Problem statement: Repeat the data below in full. Pictures must not be part of the copy.

=== Task inputs ===

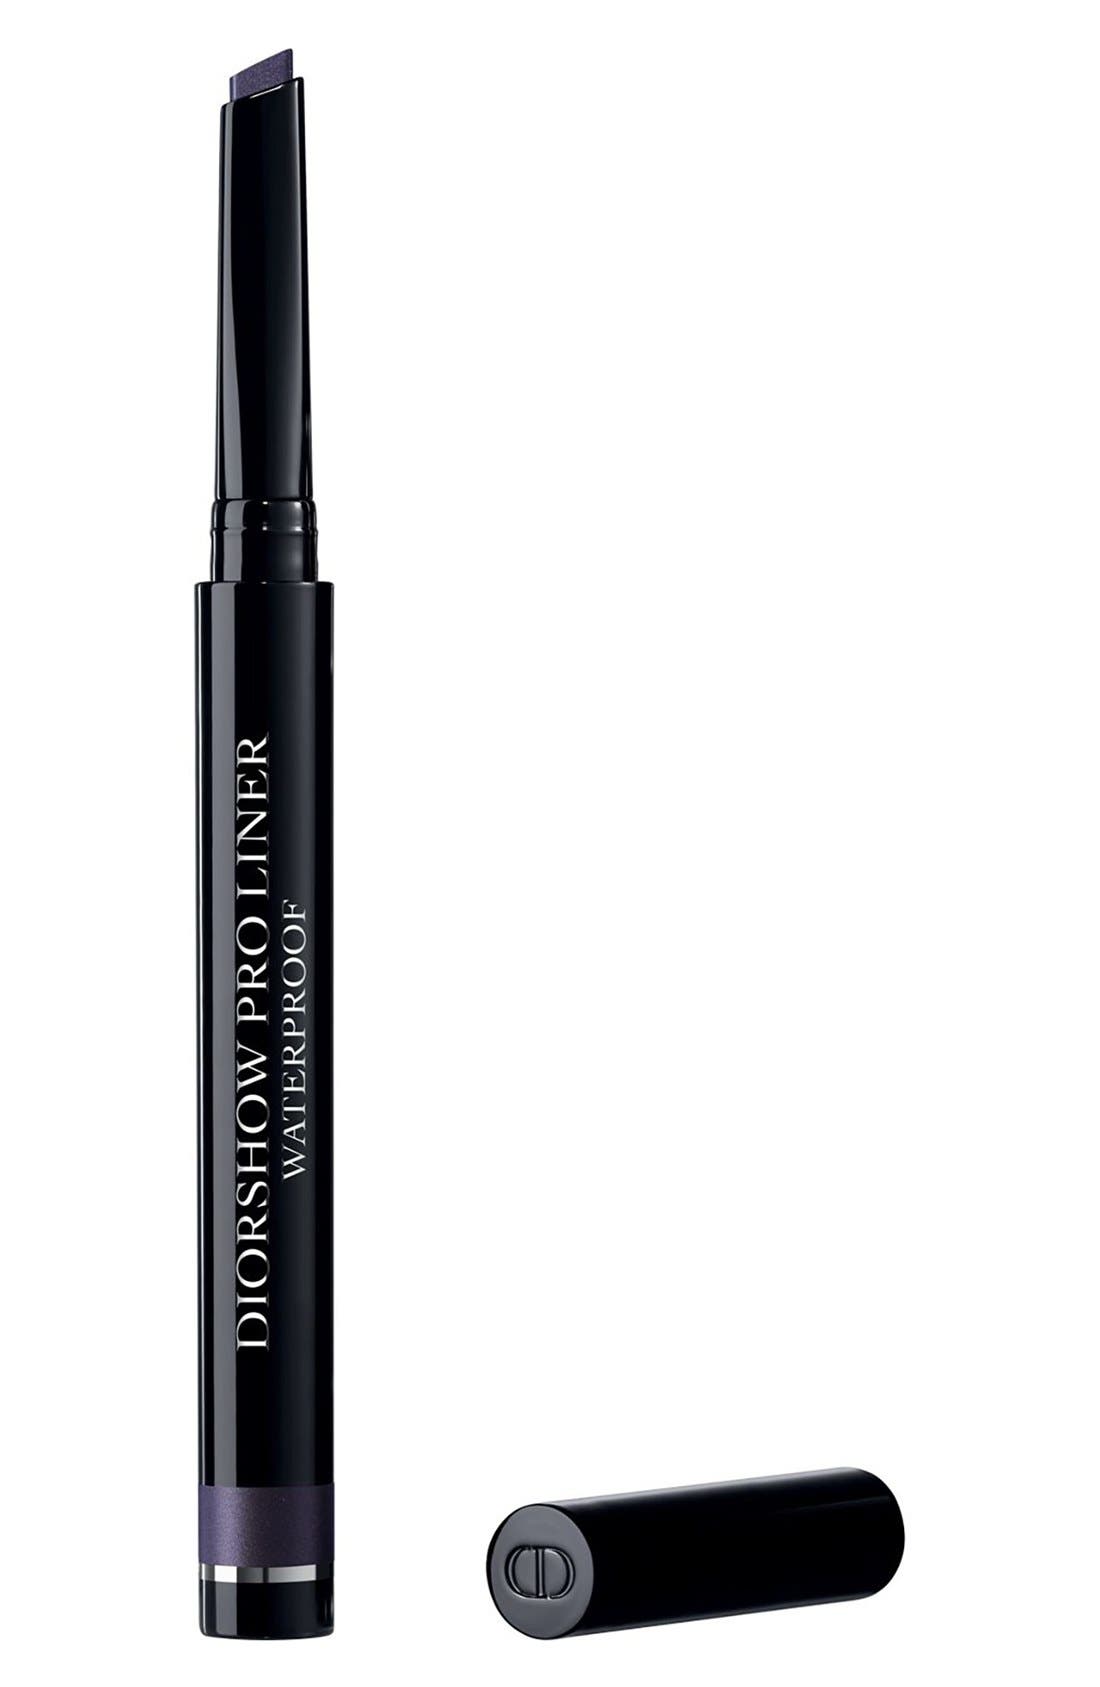 EAN 3348901252812 product image for Women's Dior 'Diorshow' Waterproof Pro Liner - 182 Backstage Purple | upcitemdb.com
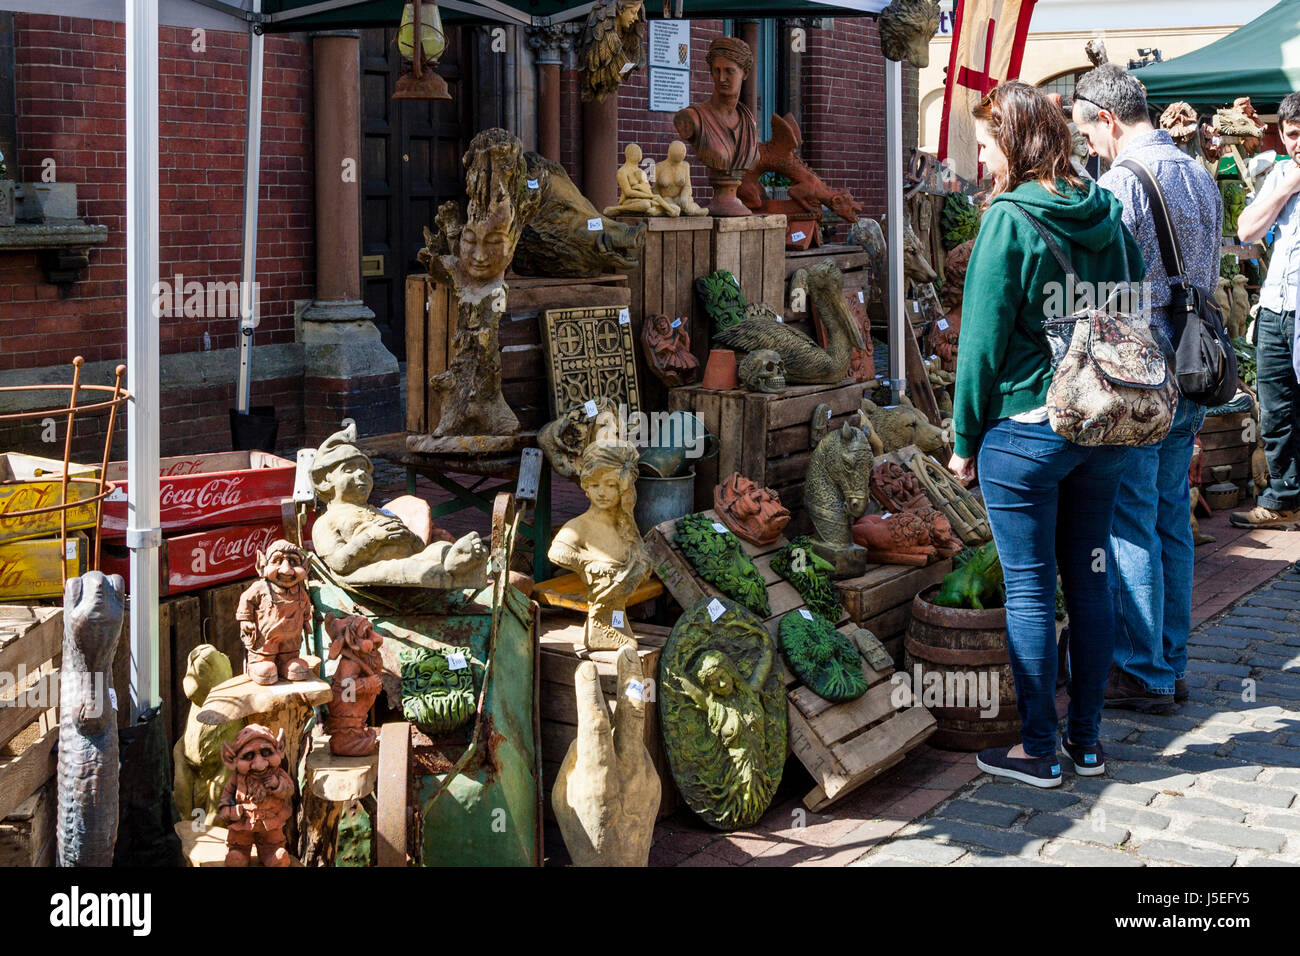 A Couple Looking At Garden Ornaments, Street Market, Lewes, East Sussex, UK Stock Photo
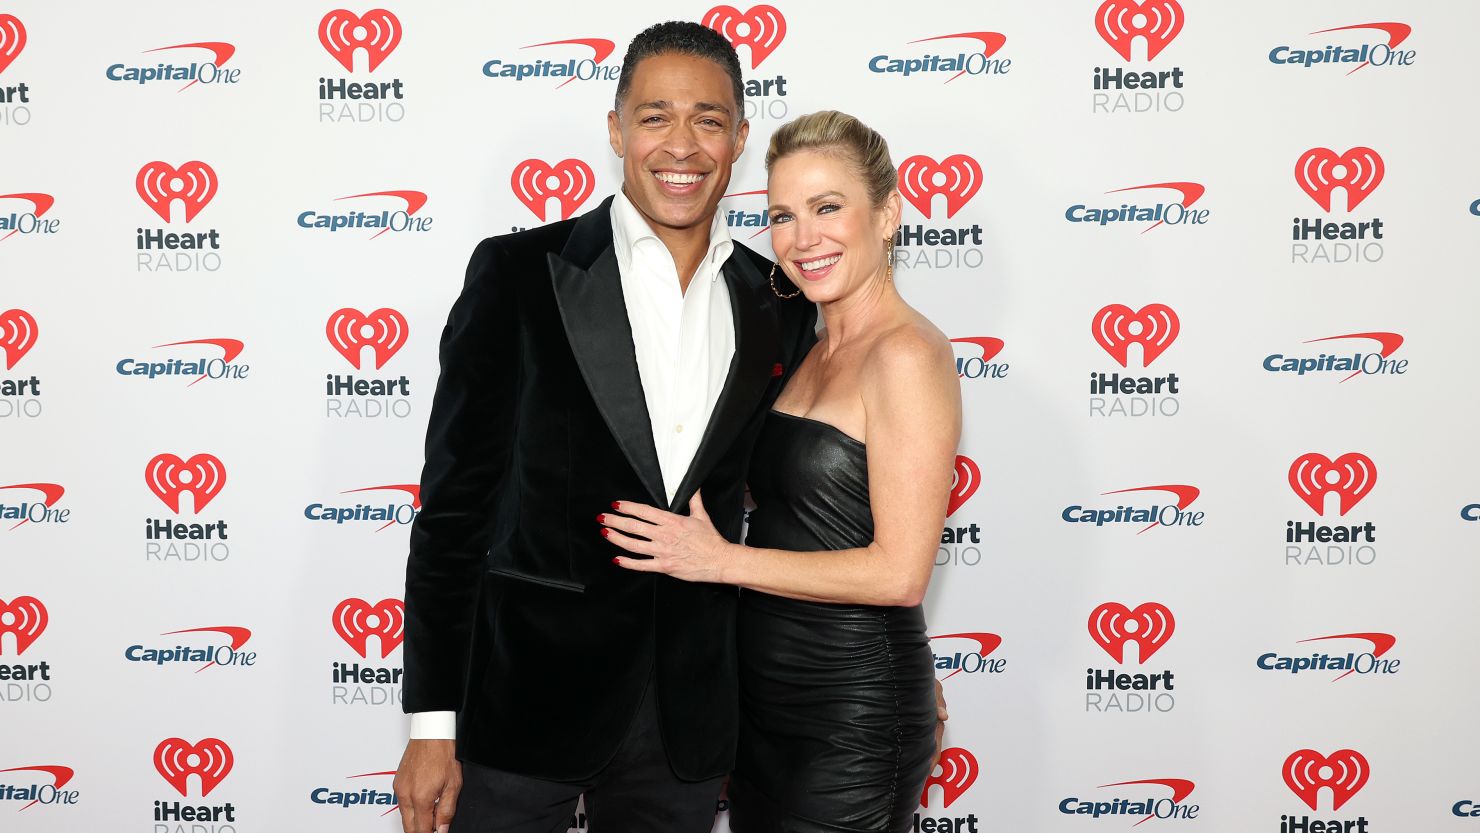 Amy Robach And T.J. Holmes Address Exes’ Dating Rumors
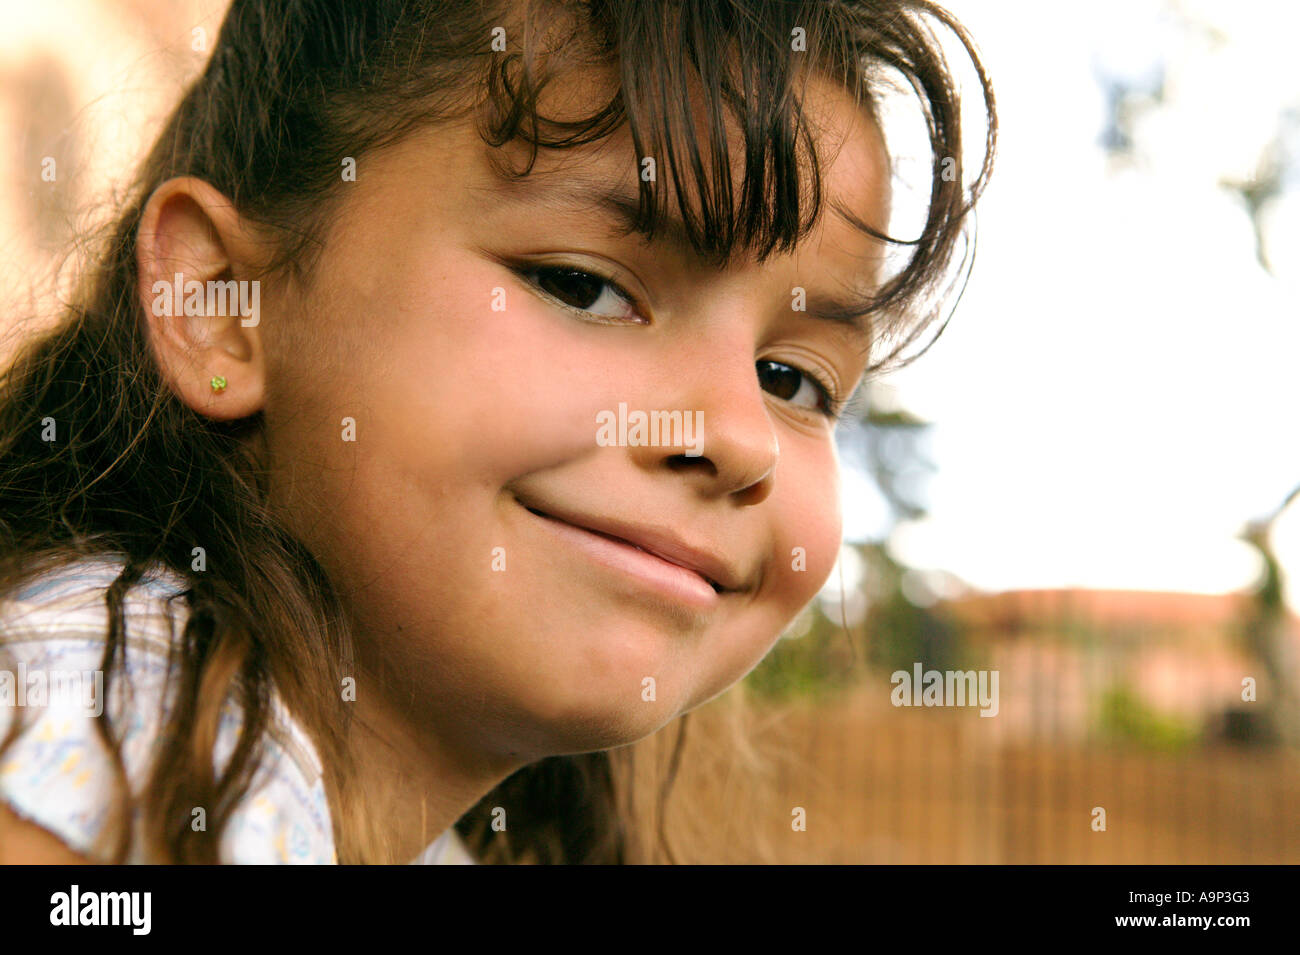 Portrait of smiling young girl Stock Photo
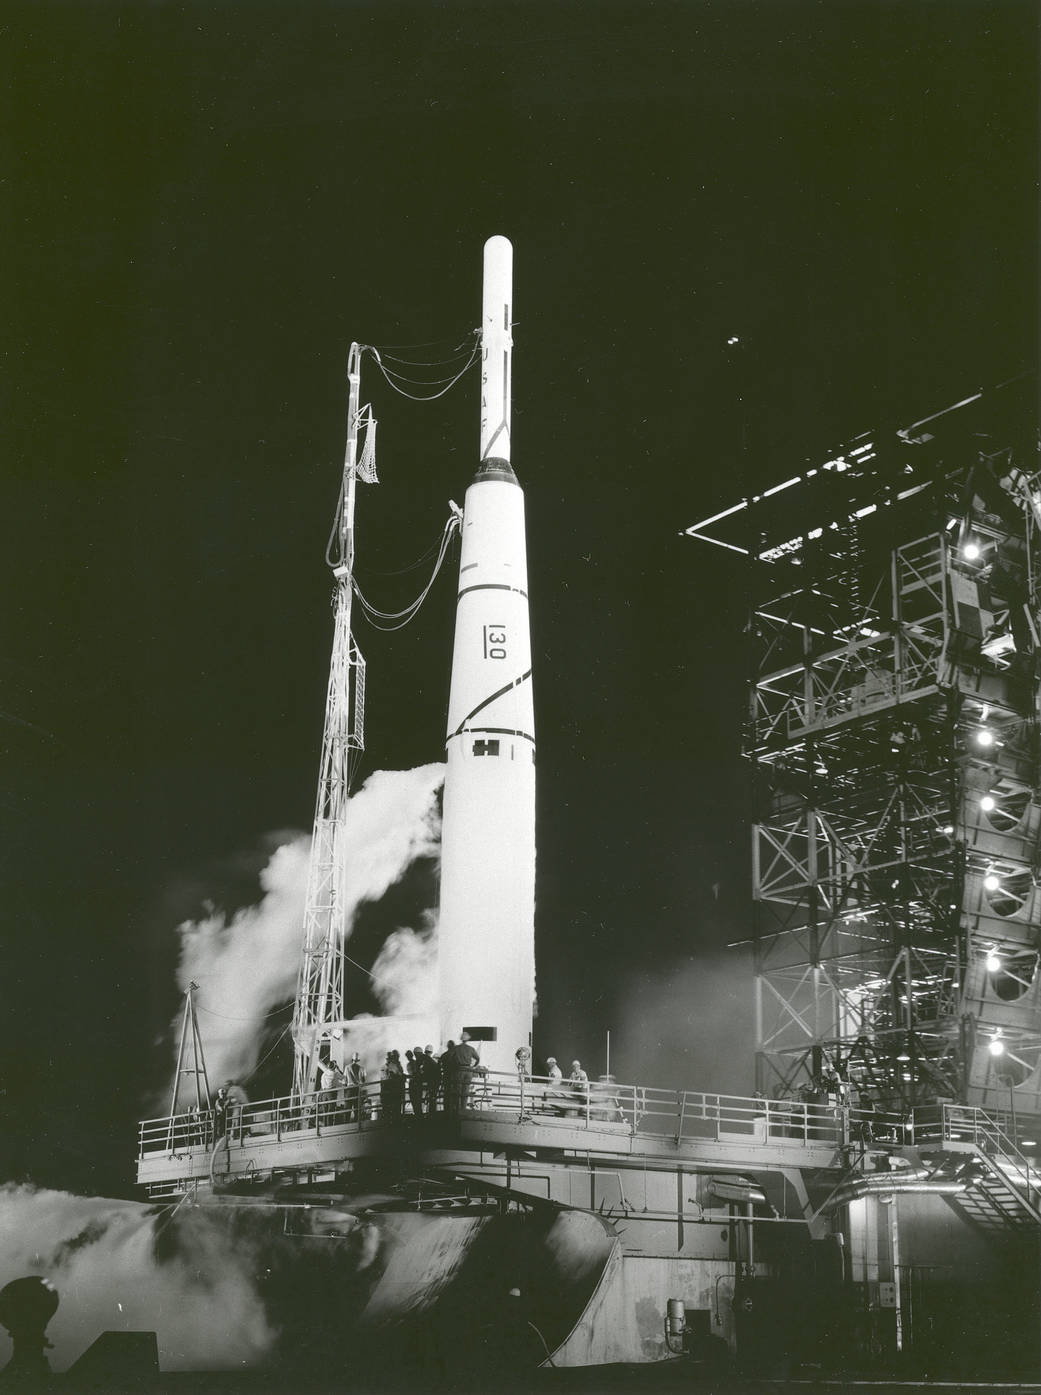 Rocket at launchpad with Pioneer spacecraft on board
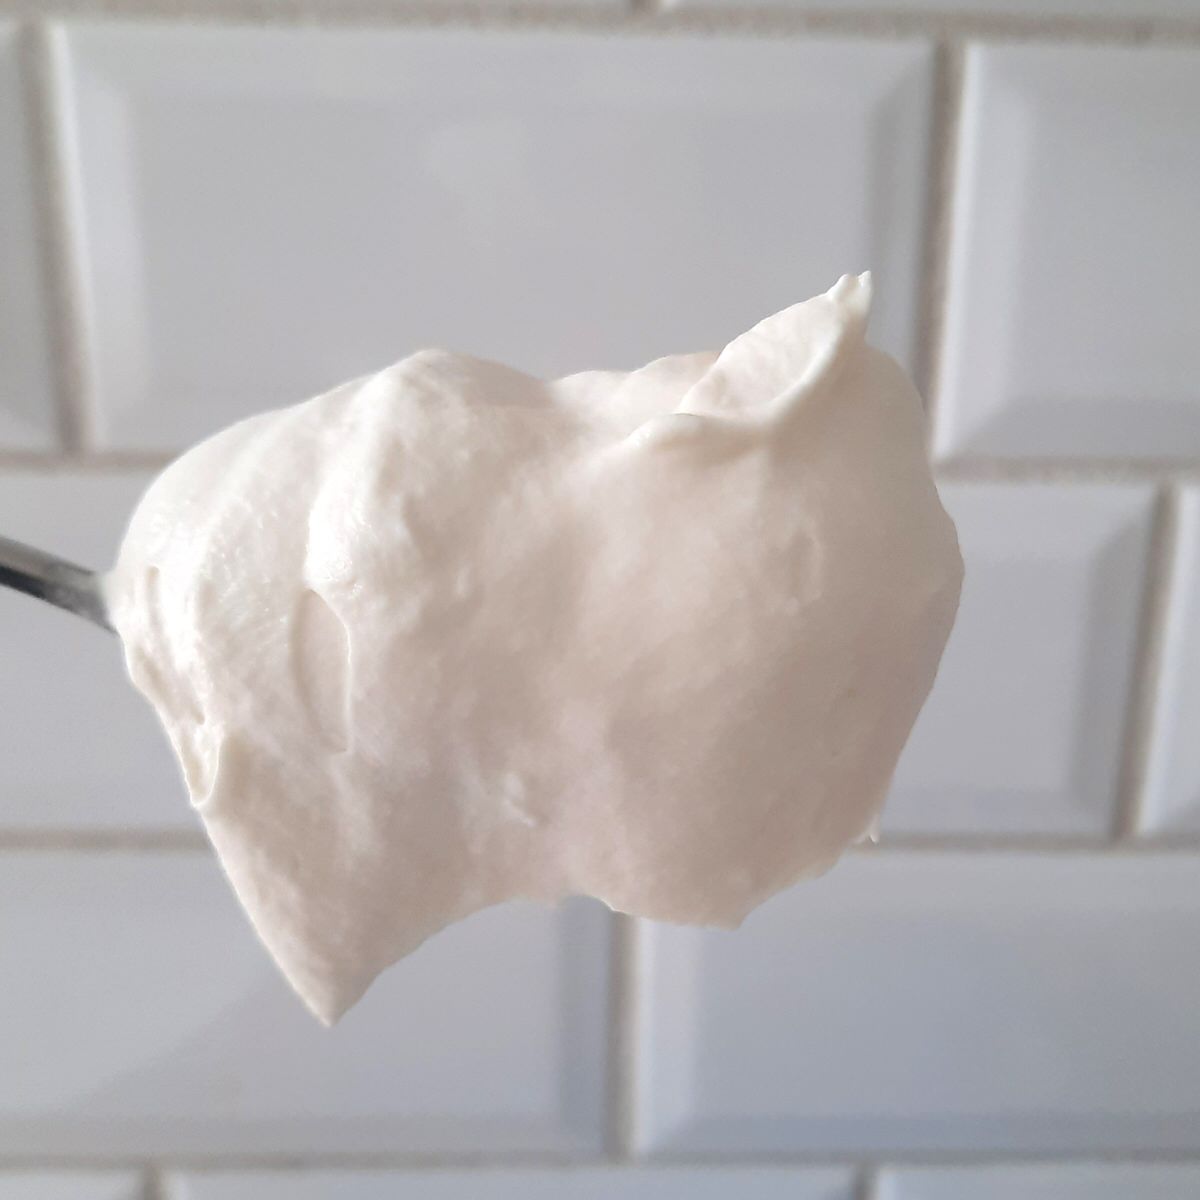 whipped cream piled high on a spoon

===

The completed task:
 EAN 3348901252812 product image for Women's Dior 'Diorshow' Waterproof Pro Liner - 182 Backstage Purple | upcitemdb.com
 A Couple Looking At Garden Ornaments, Street Market, Lewes, East Sussex, UK Stock Photo
 Amy Robach And T.J. Holmes Address Exes’ Dating Rumors
 Portrait of smiling young girl Stock Photo
 Rocket at launchpad with Pioneer spacecraft on board
 whipped cream piled high on a spoon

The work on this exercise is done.